Benita Moyers, a 2019 recipient of the NEA Foundation’s Awards for Teaching Excellence, is a Kindergarten teacher at Mt. Carmel Elementary in Huntsville, Ala. An expert in Google Classroom, Moyers is now assisting colleagues in her district to make the transition to online teaching and supporting their social-emotional well-being through an organization called the Happy Teacher Revolution.
She shared tips with the NEA Foundation on how educators and students that have access to broadband and technology can engage in online learning during school closures as a result of the coronavirus pandemic, and on the importance of connecting and self-care.
Adapt your teaching in a way that best serves your students (and their parents). With new challenges come new opportunities. Online tools make it possible to create interactive learning experiences. Throughout the week I use Class Dojo to give them positive reinforcement points and through videos and messages. Instead of having reading time in person, I’m now using Google Classroom and Meet to meet with them virtually to read a bedtime story at 8 p.m. every night. This provides an opportunity to weave school into their home lives, gives parents a breather, and provides the students a sense of normalcy.

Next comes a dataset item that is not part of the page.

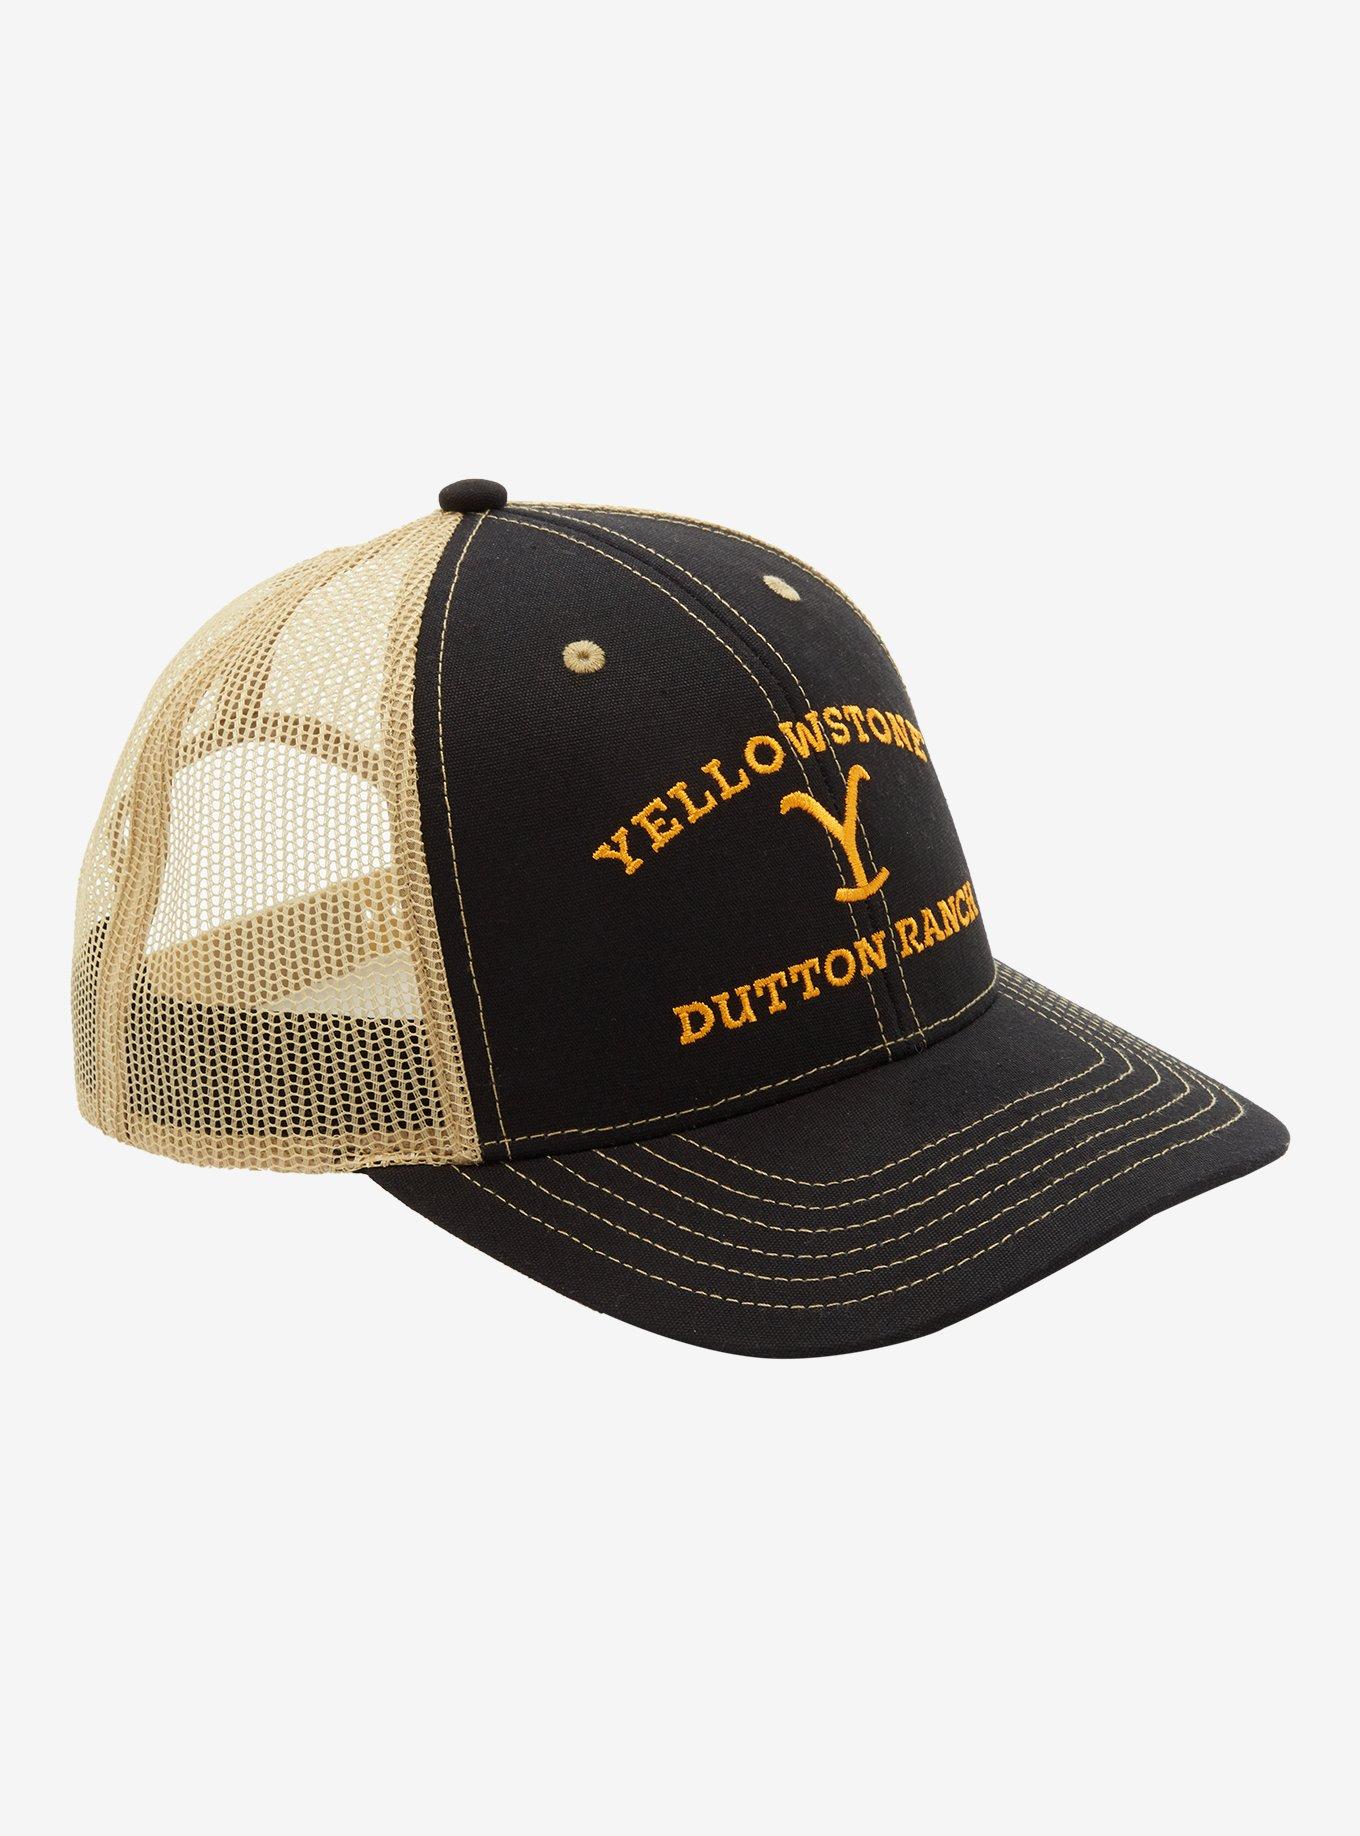 Dutton Hat Yellowstone | Embroidered Trucker Ranch Hot Topic Logo

Explore creative ways to engage students. While they are on Google Classroom, educators are able to upload resources, videos, and documents that students can access. Even without technology tools for online learning, there may be opportunities for students to learn from home. Organizing lessons into different topics, creating mini lessons like a math problem of the day with notes attached for parents to implement and parents can choose which activities they would like to do with their children. Personally, I choose to embed a bit of everything. Because my students are young and full of energy, I try to find things that will get them moving and that cater to their home life like going outside to take a photo or using things at home to help them learn.
Collaborate with and learn from your colleagues, peer network, and parents. Now, more than ever, is the time to lean on each other for help. When it comes to making sure students are participating in lessons, parents and guardians are also important partners during this time. Reach out and engage them as you develop lessons and find new ways to educate students from afar.
The transition to online lessons exclusively isn’t easy, but it is possible. Almost no one could have predicted transitioning from keeping up with energetic students in person to trying to keep their attention via Zoom, Google Classroom, or other means overnight. For educators and students, the transition may not be easy, but I’m here to say that it’s not impossible either.
Make your well-being a priority. Outside of getting the job done, we need to make sure that we as educators are taken care of too. At the NEA Foundation ATE symposium last year, I learned about Happy Teacher Revolution, whose mission is to support the mental health and wellness of teachers through support sessions in their own communities. After I left that event feeling so inspired, I came back to Alabama and started hosting Zoom book studies and HTR sessions. As the pandemic hit, the tech training sessions hosted for Google Classroom have often turned into mini-HTR sessions where groups of up to 50 to 100 people wanting to stay online and discuss their stress. Those lessons of setting limits, taking care of self etc. have grounded me and helped my colleagues and me cope during this time.